Reasons for Recommendation
The recommendation for acceptance is based on the paper's solid dual contribution (a novel method and a new dataset) and, most importantly, the authors' highly effective response to the reviewers' initial concerns. The weaknesses, while valid, were shown to be addressable and were largely resolved during the rebuttal period. The paper is recommended for a poster presentation. The combination of a novel application-focused method and a new dataset makes it a valuable addition to the conference.
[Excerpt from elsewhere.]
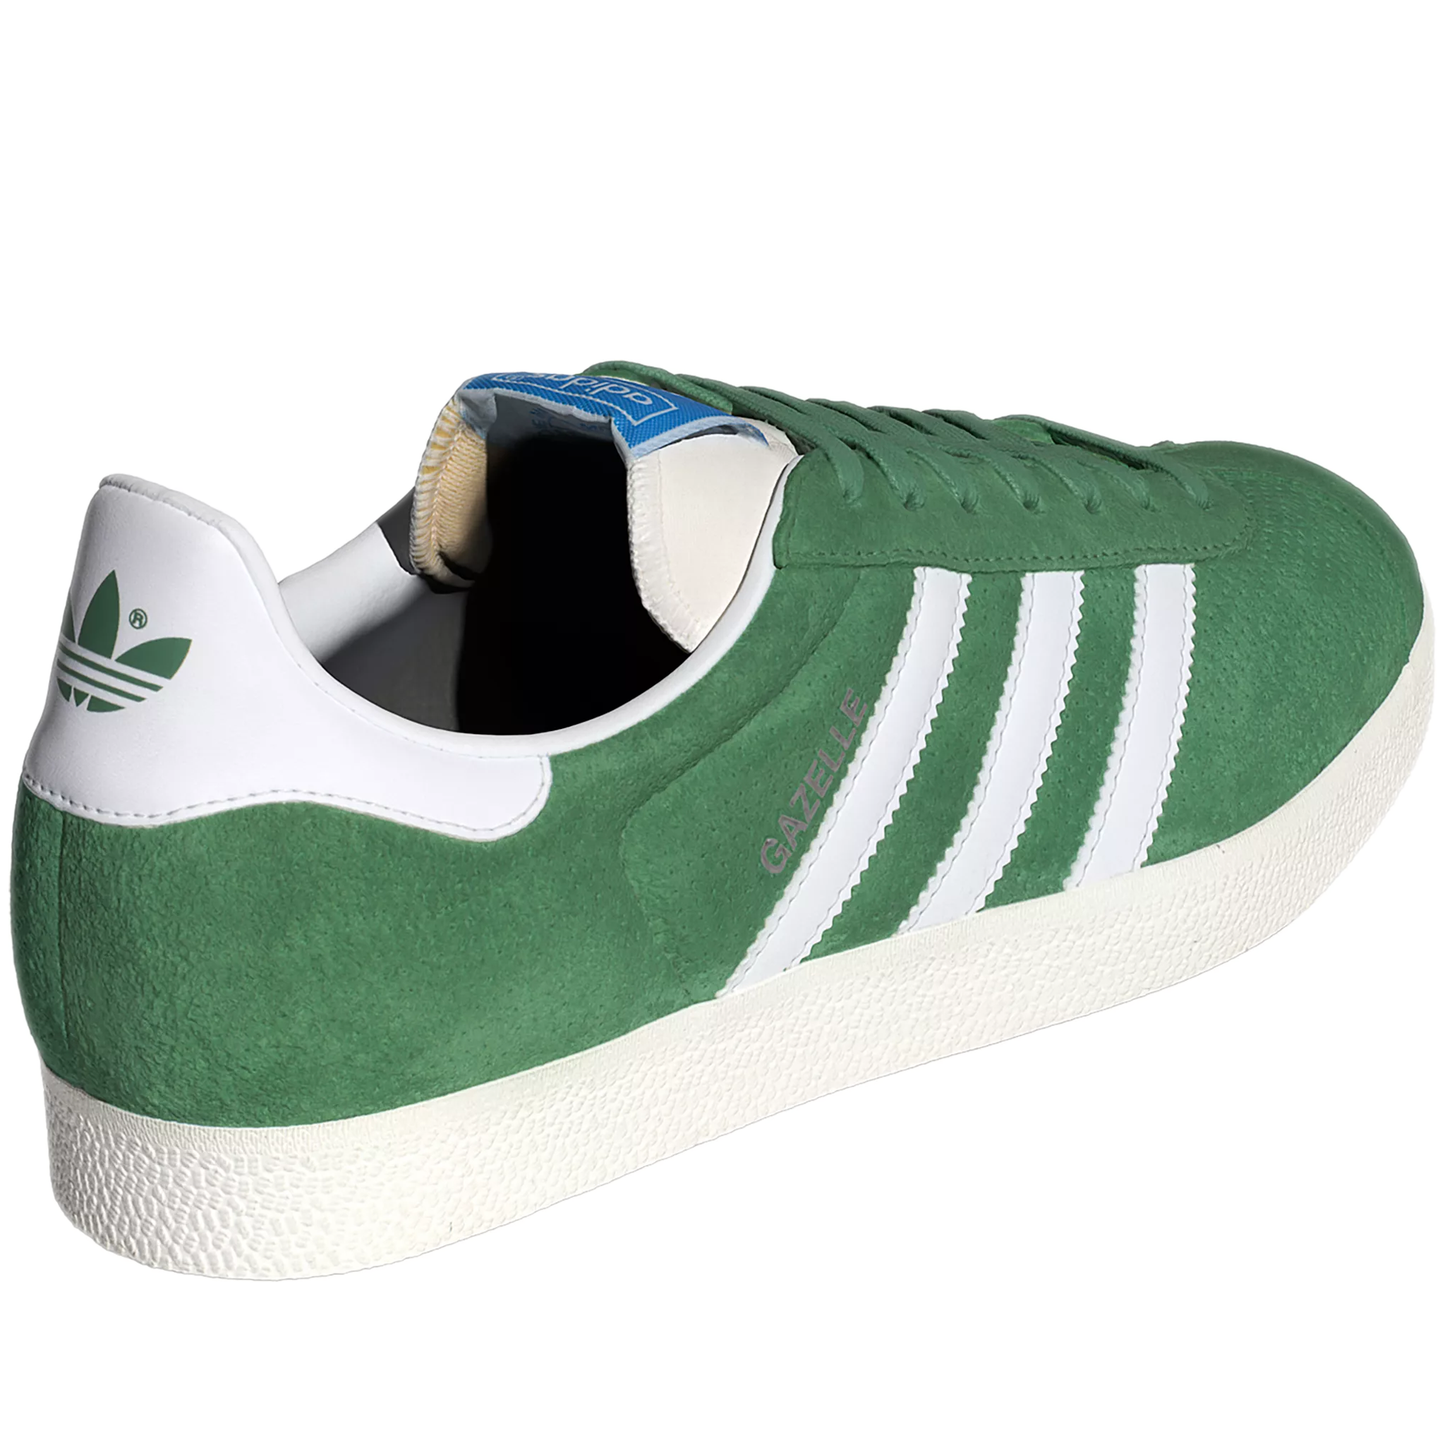 Men's Adidas Gazelle Shoes - Green/ white

Summary of Discussion and Rebuttal
The review process began with a 2-2 split in ratings. The main points of contention were the method's generalization capabilities and the significance of the new PM-X dataset. The authors' rebuttal was comprehensive:
- On Generalization: To address the concern about being limited to cabinet-like objects, the authors provided a new, detailed table showing their model's performance across seven diverse categories. These new results demonstrated that DIPO consistently outperforms the baseline across all categories, effectively refuting the initial criticism.
- On the PM-X Dataset: To clarify the dataset's contribution, the authors provided a new set of experiments evaluating their model's performance when trained with and without PM-X. The results clearly demonstrated that including PM-X leads to a significant performance improvement, validating its utility. They also created a standalone test set for PM-X to establish its potential as a future benchmark. This targeted response successfully resolved the main concerns. Both of the initially more critical reviewers (r4pp and tw3w) acknowledged that their points had been addressed and consequently raised their scores to "Borderline Accept." This transformed a split decision into a consensus that the paper is a valuable contribution.